### DATA TO PROCESS
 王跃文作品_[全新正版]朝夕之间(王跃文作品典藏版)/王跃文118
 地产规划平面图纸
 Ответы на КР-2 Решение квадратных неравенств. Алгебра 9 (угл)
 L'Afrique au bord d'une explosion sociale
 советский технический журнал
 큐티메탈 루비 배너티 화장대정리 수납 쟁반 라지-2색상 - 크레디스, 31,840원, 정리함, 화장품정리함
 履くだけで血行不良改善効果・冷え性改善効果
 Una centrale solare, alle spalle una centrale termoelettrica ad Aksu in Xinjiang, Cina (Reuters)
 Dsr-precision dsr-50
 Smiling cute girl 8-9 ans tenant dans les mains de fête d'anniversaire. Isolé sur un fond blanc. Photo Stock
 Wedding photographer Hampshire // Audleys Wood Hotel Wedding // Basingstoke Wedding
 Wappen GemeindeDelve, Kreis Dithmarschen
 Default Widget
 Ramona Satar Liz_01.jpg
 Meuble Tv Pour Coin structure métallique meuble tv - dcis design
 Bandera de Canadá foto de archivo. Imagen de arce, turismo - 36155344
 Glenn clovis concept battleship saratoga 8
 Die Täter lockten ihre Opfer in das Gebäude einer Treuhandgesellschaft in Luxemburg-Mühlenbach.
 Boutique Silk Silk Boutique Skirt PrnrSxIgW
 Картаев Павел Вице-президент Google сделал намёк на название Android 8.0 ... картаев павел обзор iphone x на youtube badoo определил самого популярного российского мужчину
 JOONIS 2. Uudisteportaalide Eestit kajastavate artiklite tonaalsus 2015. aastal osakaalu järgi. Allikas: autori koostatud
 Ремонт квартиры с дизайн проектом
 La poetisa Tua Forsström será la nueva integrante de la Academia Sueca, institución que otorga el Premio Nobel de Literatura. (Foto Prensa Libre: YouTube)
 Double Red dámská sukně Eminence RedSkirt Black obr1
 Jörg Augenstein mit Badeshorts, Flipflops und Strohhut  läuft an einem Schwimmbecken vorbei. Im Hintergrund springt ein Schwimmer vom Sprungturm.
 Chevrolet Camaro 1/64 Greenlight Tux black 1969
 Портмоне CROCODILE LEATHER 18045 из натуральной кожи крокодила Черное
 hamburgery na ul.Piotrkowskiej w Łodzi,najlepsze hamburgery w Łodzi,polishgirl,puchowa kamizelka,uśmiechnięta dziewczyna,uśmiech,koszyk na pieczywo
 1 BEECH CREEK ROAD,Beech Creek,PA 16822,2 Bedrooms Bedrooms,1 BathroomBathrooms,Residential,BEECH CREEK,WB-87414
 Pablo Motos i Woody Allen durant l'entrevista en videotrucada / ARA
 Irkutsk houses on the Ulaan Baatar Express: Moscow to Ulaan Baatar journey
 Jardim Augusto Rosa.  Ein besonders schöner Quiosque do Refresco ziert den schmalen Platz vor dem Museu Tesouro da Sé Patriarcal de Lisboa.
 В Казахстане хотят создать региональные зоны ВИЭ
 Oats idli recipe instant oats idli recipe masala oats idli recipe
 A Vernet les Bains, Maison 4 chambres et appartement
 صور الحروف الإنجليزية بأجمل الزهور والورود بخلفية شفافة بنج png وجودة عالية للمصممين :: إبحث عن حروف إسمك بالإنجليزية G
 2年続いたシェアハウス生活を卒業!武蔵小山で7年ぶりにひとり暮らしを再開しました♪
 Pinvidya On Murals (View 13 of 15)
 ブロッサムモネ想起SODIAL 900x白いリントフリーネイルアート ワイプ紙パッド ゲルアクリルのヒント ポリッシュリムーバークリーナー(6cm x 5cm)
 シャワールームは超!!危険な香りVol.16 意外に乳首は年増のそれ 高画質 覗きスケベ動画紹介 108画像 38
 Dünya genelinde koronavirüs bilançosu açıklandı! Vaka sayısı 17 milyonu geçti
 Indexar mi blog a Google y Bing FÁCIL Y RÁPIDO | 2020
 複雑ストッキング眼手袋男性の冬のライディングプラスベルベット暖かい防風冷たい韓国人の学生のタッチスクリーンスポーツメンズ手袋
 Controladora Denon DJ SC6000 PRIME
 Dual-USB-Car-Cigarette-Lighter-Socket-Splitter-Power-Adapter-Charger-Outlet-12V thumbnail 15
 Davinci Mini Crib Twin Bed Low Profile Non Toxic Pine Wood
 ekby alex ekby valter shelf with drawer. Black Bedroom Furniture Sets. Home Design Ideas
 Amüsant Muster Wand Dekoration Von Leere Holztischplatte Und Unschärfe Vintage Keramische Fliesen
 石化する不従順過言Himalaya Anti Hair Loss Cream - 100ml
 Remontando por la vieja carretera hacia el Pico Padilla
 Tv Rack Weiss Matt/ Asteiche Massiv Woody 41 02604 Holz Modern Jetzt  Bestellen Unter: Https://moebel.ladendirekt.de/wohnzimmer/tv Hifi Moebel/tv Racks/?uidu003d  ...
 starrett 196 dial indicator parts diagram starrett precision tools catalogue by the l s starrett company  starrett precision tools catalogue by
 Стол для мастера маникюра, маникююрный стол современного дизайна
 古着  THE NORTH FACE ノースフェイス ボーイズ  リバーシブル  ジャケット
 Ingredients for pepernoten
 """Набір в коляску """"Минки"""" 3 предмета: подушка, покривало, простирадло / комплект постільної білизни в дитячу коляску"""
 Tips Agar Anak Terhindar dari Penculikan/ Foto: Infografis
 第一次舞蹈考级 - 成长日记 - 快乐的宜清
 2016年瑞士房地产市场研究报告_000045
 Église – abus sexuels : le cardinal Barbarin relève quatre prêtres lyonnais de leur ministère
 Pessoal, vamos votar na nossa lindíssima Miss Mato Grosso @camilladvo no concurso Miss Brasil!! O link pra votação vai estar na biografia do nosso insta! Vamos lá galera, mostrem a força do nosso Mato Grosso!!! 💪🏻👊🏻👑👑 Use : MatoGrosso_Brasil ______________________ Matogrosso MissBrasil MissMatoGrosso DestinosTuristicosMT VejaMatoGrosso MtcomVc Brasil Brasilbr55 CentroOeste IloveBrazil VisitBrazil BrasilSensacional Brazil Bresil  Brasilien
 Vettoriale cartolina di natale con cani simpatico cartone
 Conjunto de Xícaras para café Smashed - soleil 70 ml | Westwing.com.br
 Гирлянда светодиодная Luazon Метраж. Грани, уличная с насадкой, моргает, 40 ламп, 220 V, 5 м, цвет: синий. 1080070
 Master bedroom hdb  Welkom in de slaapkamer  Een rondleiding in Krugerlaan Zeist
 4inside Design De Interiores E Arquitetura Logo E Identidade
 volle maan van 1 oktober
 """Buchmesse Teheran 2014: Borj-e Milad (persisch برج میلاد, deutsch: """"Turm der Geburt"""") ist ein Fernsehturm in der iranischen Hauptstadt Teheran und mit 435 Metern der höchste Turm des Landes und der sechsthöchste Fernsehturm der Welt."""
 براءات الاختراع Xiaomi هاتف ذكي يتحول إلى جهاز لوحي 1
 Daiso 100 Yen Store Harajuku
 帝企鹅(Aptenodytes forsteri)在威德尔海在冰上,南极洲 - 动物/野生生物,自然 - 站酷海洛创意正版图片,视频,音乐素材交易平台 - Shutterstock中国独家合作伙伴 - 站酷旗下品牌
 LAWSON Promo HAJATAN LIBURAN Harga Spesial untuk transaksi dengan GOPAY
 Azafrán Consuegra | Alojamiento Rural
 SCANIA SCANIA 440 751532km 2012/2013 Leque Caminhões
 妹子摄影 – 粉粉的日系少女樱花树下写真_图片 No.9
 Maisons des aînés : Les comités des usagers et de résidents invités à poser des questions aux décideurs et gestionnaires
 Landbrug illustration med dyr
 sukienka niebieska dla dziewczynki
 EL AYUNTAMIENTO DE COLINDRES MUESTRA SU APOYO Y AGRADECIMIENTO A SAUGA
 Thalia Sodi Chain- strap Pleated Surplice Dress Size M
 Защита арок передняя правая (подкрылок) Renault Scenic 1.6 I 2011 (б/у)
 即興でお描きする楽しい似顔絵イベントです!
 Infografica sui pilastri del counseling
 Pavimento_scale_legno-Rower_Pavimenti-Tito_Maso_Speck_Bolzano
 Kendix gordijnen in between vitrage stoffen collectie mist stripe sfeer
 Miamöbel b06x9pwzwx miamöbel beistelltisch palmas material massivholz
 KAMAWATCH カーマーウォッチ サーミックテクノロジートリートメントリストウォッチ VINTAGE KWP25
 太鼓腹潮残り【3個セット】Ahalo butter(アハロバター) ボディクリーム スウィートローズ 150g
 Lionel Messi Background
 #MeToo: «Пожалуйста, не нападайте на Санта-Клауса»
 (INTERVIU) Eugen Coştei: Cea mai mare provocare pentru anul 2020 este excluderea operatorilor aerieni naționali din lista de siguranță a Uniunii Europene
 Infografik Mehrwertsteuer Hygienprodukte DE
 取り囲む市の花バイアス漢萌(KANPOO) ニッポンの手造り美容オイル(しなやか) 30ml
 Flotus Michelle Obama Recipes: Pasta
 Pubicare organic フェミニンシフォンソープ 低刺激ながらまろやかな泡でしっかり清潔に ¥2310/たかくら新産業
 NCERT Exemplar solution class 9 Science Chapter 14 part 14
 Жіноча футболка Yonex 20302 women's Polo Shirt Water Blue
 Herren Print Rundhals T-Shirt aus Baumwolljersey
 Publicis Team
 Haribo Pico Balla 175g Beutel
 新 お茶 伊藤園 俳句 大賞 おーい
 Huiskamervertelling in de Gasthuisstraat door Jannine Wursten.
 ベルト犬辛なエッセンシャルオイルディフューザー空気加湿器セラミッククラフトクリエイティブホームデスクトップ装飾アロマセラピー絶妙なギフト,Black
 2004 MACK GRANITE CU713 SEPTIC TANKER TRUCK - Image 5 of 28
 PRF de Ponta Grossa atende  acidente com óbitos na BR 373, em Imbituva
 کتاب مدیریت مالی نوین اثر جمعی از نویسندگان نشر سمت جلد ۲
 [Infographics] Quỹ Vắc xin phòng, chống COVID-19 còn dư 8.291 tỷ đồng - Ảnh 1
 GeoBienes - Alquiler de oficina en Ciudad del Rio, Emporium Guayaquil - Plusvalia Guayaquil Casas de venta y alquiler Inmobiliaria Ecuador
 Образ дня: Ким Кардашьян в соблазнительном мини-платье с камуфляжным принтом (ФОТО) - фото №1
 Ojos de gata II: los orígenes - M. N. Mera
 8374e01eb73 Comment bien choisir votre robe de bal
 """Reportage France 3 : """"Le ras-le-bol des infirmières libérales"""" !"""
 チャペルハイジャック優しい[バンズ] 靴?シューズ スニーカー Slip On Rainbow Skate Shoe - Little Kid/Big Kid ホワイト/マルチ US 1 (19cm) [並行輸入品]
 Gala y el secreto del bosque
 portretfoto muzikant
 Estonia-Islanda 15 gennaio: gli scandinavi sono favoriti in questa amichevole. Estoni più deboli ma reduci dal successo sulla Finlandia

### WORK ORDER
Set every line down again exactly. Begin with the first line of the entries and finish with the line containing "Dsr-precision dsr-50".

### SOLUTION
 王跃文作品_[全新正版]朝夕之间(王跃文作品典藏版)/王跃文118
 地产规划平面图纸
 Ответы на КР-2 Решение квадратных неравенств. Алгебра 9 (угл)
 L'Afrique au bord d'une explosion sociale
 советский технический журнал
 큐티메탈 루비 배너티 화장대정리 수납 쟁반 라지-2색상 - 크레디스, 31,840원, 정리함, 화장품정리함
 履くだけで血行不良改善効果・冷え性改善効果
 Una centrale solare, alle spalle una centrale termoelettrica ad Aksu in Xinjiang, Cina (Reuters)
 Dsr-precision dsr-50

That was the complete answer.